I realize that O’Keeffe’s pantry is like her paintbox. Instead of paints and brushes organized into little compartments, her pantry shelves offer a palette of spices, herbs, flavours, cooking ingredients and cookware.
And so for day 3057
25.04.2015
Bessel Van der Kolk
The Body Keeps the Score
Being in tune with other members of our species […] is enormously rewarding. What begins as the attuned play of mother an child continues with the rhythmicity of a good basketball game, the synchrony of tango dancing, and the harmony of choral singing or playing a piece of jazz or chamber music — all of which foster a deep sense of pleasure and connection.
When I read this aloud with the commas giving way to conjunctions, I find myself slowing down readying to meet the conclusion of pleasure and connection.
And so for day 3056
24.04.2015
Aislinn Hunter
The Certainties
This was back when I was fooling myself into thinking Narcissus was a small part of my work on the Metamorphoses and not, somehow, the central thing. Bernard listened politely, which was typical of his disposition, though I don’t think he understood me. Perhaps it’s because he’s a painter. In his work, transformation is a given: the one who sits for their portrait becomes the one who looks out through the paint. But I’m starting to think that this notion of transformation is too simple. Too simple because transformation requires a then and a now; a linear understanding.
Note that it doesn’t take a before and an after: it’s a then and a now.
And so for day 3055
23.04.2015
Transcribed from Susan Buck-Morss in One Way Street: Fragments for Walter Benjamin (1993)
https://ubu.com/film/benjamin_fragments.html
at 53:30
The border police in Spain would not let them pass. And it was that night that Benjamin took an overdose of morphine and committed suicide. Now, the briefcase was then given to the authorities. And no heavy manuscript was ever found. And some people, Scholem in particular, thought that was the missing completed Passagenwerk.
My position on this is that there would never have been a completed Passagenwerk, that he never had intended to write a magnum opus. That wasn’t the point of the project. It was open ended. He constantly stole material for shorter pieces from the larger fund of notes and he constantly reorganized them.

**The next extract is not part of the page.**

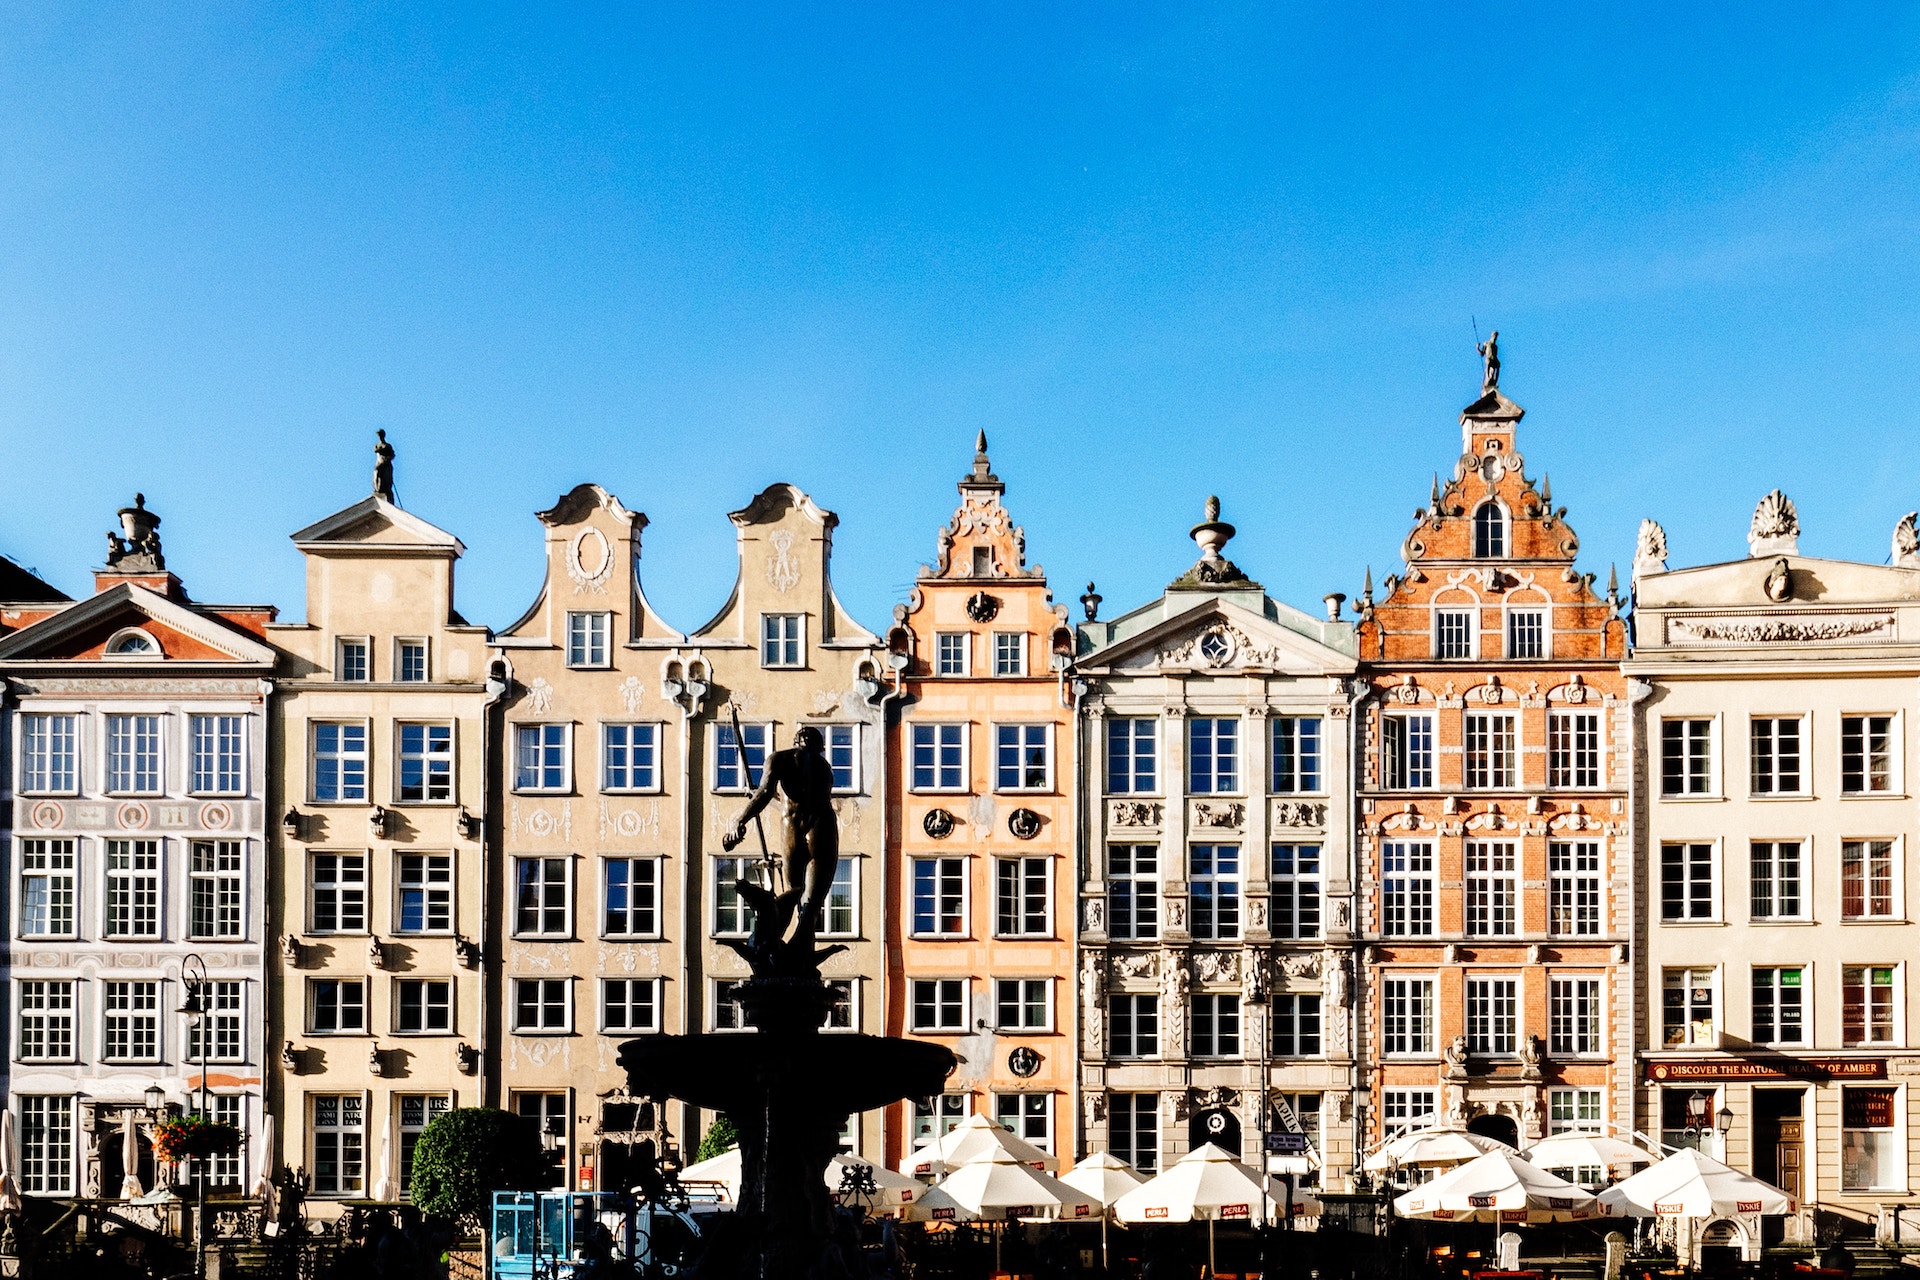 Gdansk Old Town. Image: Andrea Anastasakis / Unsplash

There was no one right way to put it all together.
And he once said that when you write a book you are taking things from one notecard which is the books you are reading and putting them in your own box of notecards. So it is just a kind of reassembly, a rearrangement. And that kind of process is never complete.
So it smacks of a kind of cult of genius, hero worship, to think that ah there was this perfect Passagenwerk and we have lost it. Because if he taught us anything by his method of working and by his life, it was certainly not to look for the great works and to codify them as untouchable masterpieces that should just be revered.
To this I set this:
Nicole Brossard
“Lorem Ipsum”
Avant Desire
In the hallways of Casa de Velázquez that week there was an exhibition titled Las maletas de Walter Benjamin. The suitcase is us, inside-outside, content which is fragile or not, a heavy weight to carry; manuscripts, a survival instinct, or an urge to be elsewhere or for travel with dawns fragrant of lilies and lilac.
And so for day 3054
22.04.2015
Lev Manovich
Software Takes Command
p. 98
Manovich leads the reader from Jean Piaget and the stages of child development (kinaesthetic, visual, symbolic) through Jerome Bruner to different mentalities (enactive, iconic, symbolic) that “do not replace each other but are added” through to Alan Kay’s interpretation of this theory as a user interface.
This provided additional motivation for the idea that if computers were to function as a dynamic medium for learning and creativity they should allow their users to think not only through symbols but also through actions and images.